Legal claims defining the scope of protection. Each claim is shown in both the original legal language and a plain English translation.
1. A data drive circuit of a liquid crystal display device, comprising: a controller that differently realigns an RGB data pattern of digital RGB data, which are in series input thereto, by a unit of one horizontal line for each k horizontal period, wherein the k horizontal period is an amount of time it takes to scan k horizontal lines; a latch part that latches the digital RGB data of the pattern realigned by the controller; first to m th (m≧2) A/D converters that convert the digital RGB data, which are latched in accord with the RGB data pattern realigned by the controller, into analog data voltages; first to m th (m≧2) output buffers that buffer the analog data voltages which are converted in accord with the RGB data pattern realigned by the controller; an output controller that controls the analog data voltages, which are buffered in accord with the RGB data pattern realigned by the controller, to be outputted in accord with an arrangement pattern of sub-pixels which constitute each pixel; and first to m th (m≧2) switches that supply the analog data voltages, which are buffered in accord with the RGB data pattern realigned by the controller, to each pixel by making the analog data voltages in accord with the arrangement pattern of the sub-pixels which constitute each pixel, under the control of the output controller.

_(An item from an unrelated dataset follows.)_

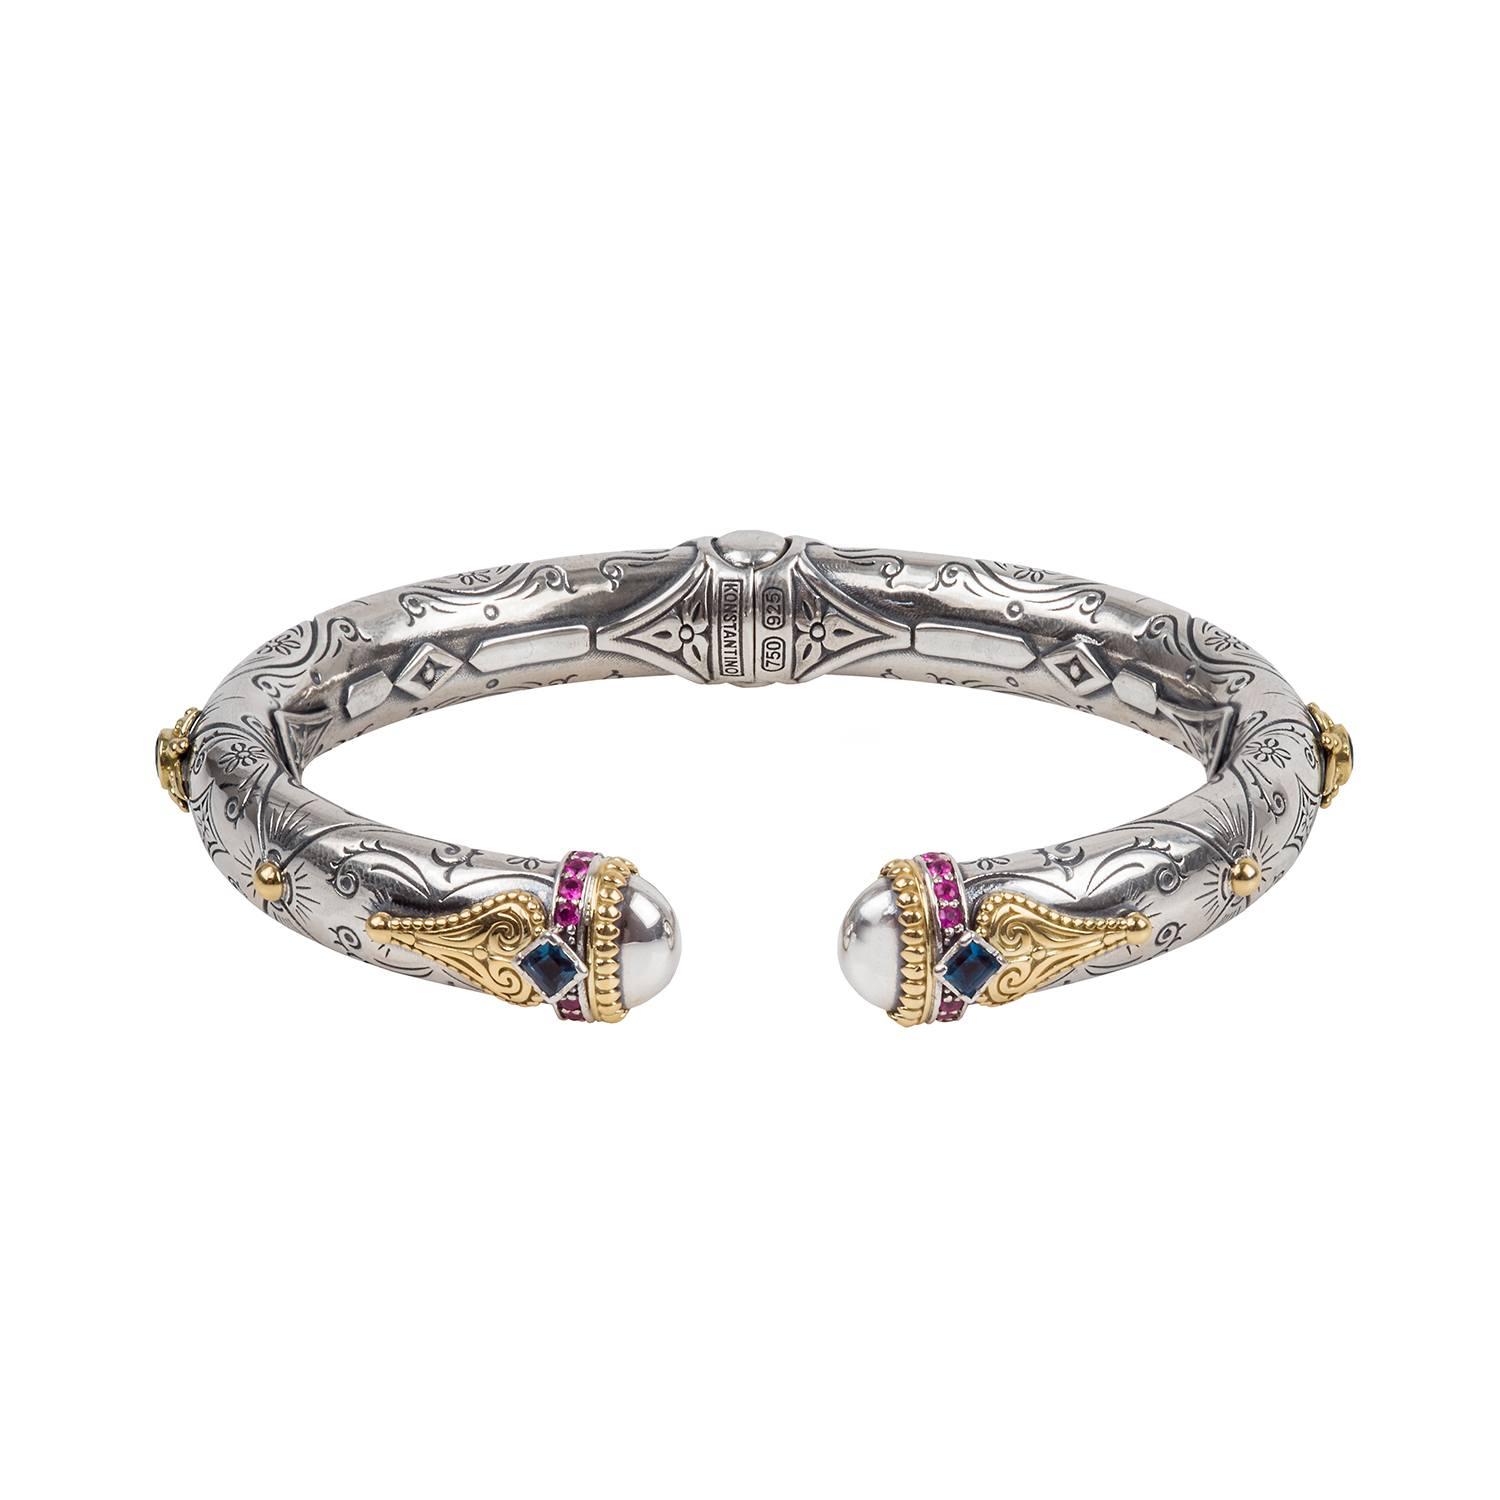 Konstantino Delos carved large open hinge bracelet with LBT and pink sapphire_1

A data drive circuit for an LCD displays images by rearranging the order of red, green, and blue (RGB) data sent to it. A controller reorders the RGB data pattern of the input digital RGB data for each horizontal line every 'k' horizontal lines (where 'k' is the number of scanned lines). A latch stores the reordered digital RGB data pattern. Analog-to-digital (A/D) converters then turn the digital RGB data into analog voltage levels. Output buffers hold these analog voltages, and an output controller directs these voltages to specific sub-pixels (red, green, or blue elements) based on their physical arrangement on the LCD panel. Finally, switches apply the correct analog voltages to each sub-pixel within each pixel.

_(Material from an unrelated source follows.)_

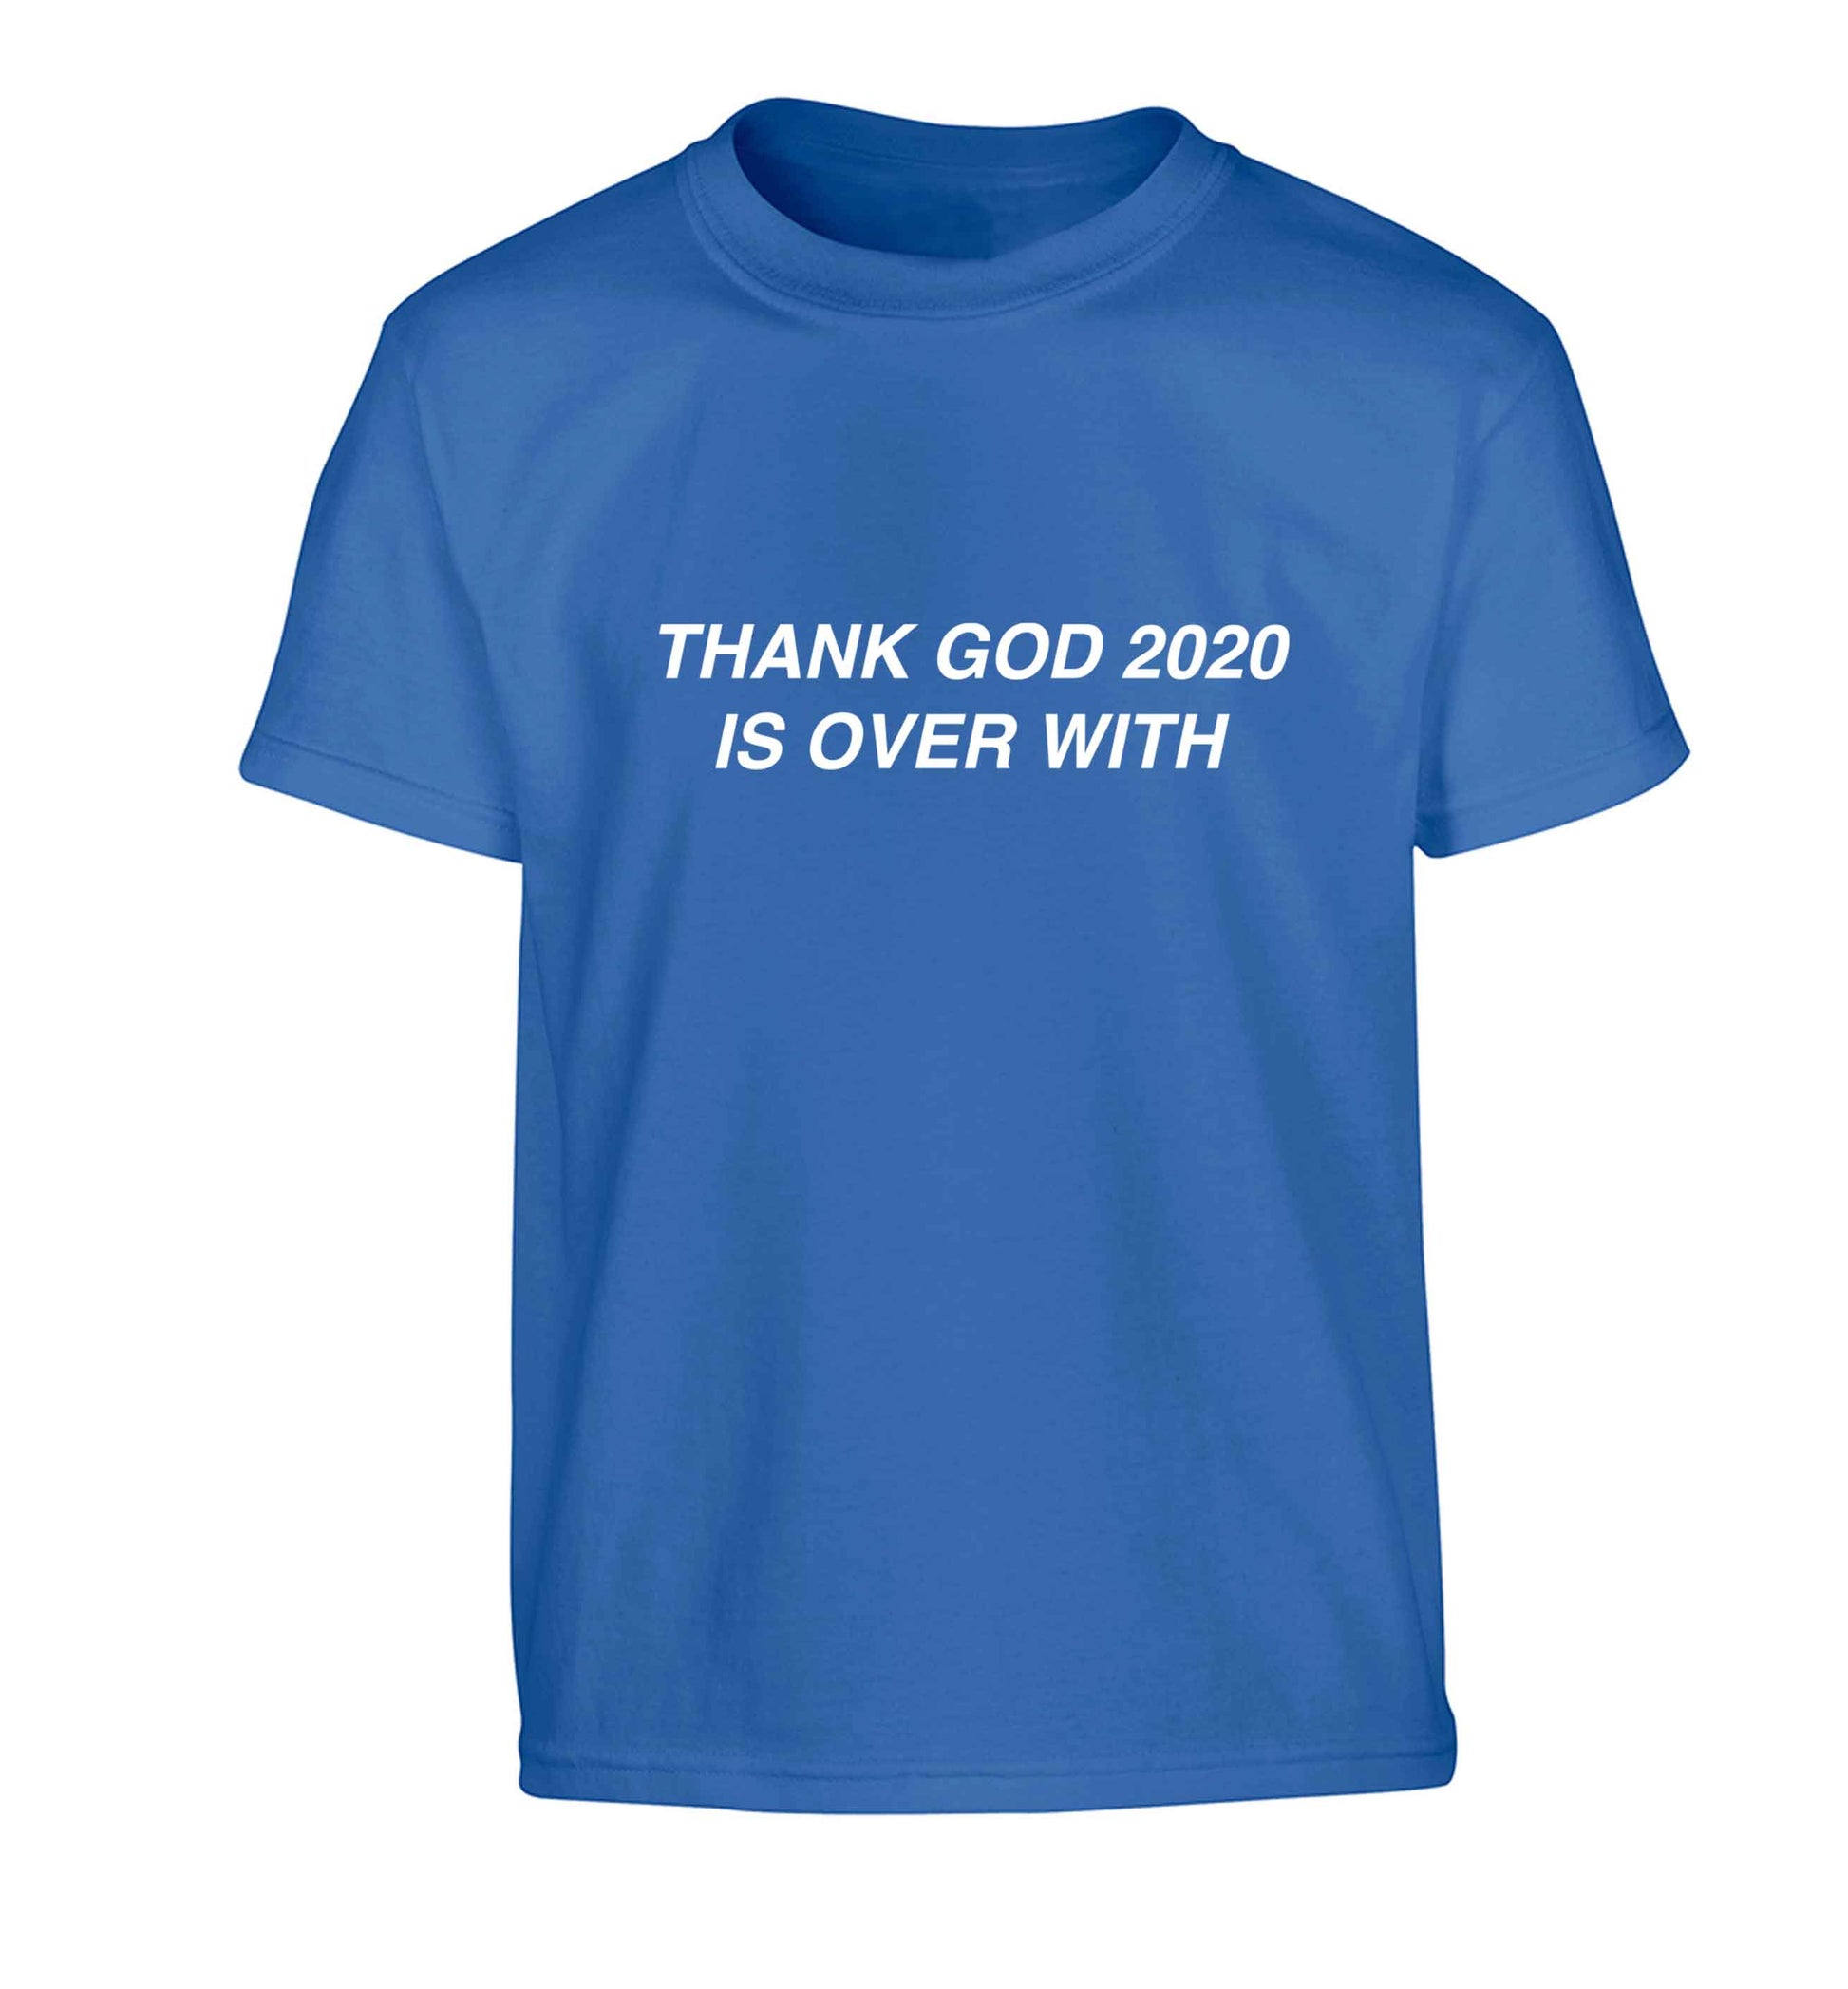 Thank god 2020 is over with Children's blue Tshirt 12-13 Years

2. The data drive circuit according to claim 1 , wherein the controller differently realigns the RGB data pattern of the digital RGB data, which are input from the timing controller, by the unit of three horizontal lines for each horizontal period.
Building upon the data drive circuit of a liquid crystal display device, which includes a controller that differently realigns an RGB data pattern of digital RGB data for each k horizontal period, a latch that latches the realigned pattern, A/D converters that convert the data to analog voltages, output buffers, an output controller, and switches, this version specifies that the controller reorders the RGB data pattern every three horizontal lines. Specifically, the RGB arrangement changes on the incoming data once every three lines that are scanned.
3. The data drive circuit according to claim 2 , wherein the controller realigns the RGB data pattern of the input digital RGB data to an RGB pattern, a BRG pattern or a GBR pattern by the unit of three horizontal lines for each horizontal period.
Expanding on the data drive circuit described previously, featuring a controller that realigns RGB data patterns every three horizontal lines, A/D converters, output buffers, an output controller, and switches, the controller cycles through three specific RGB sub-pixel arrangements: RGB, BRG, and GBR. The controller changes between these three arrangements for every three lines of data that are scanned.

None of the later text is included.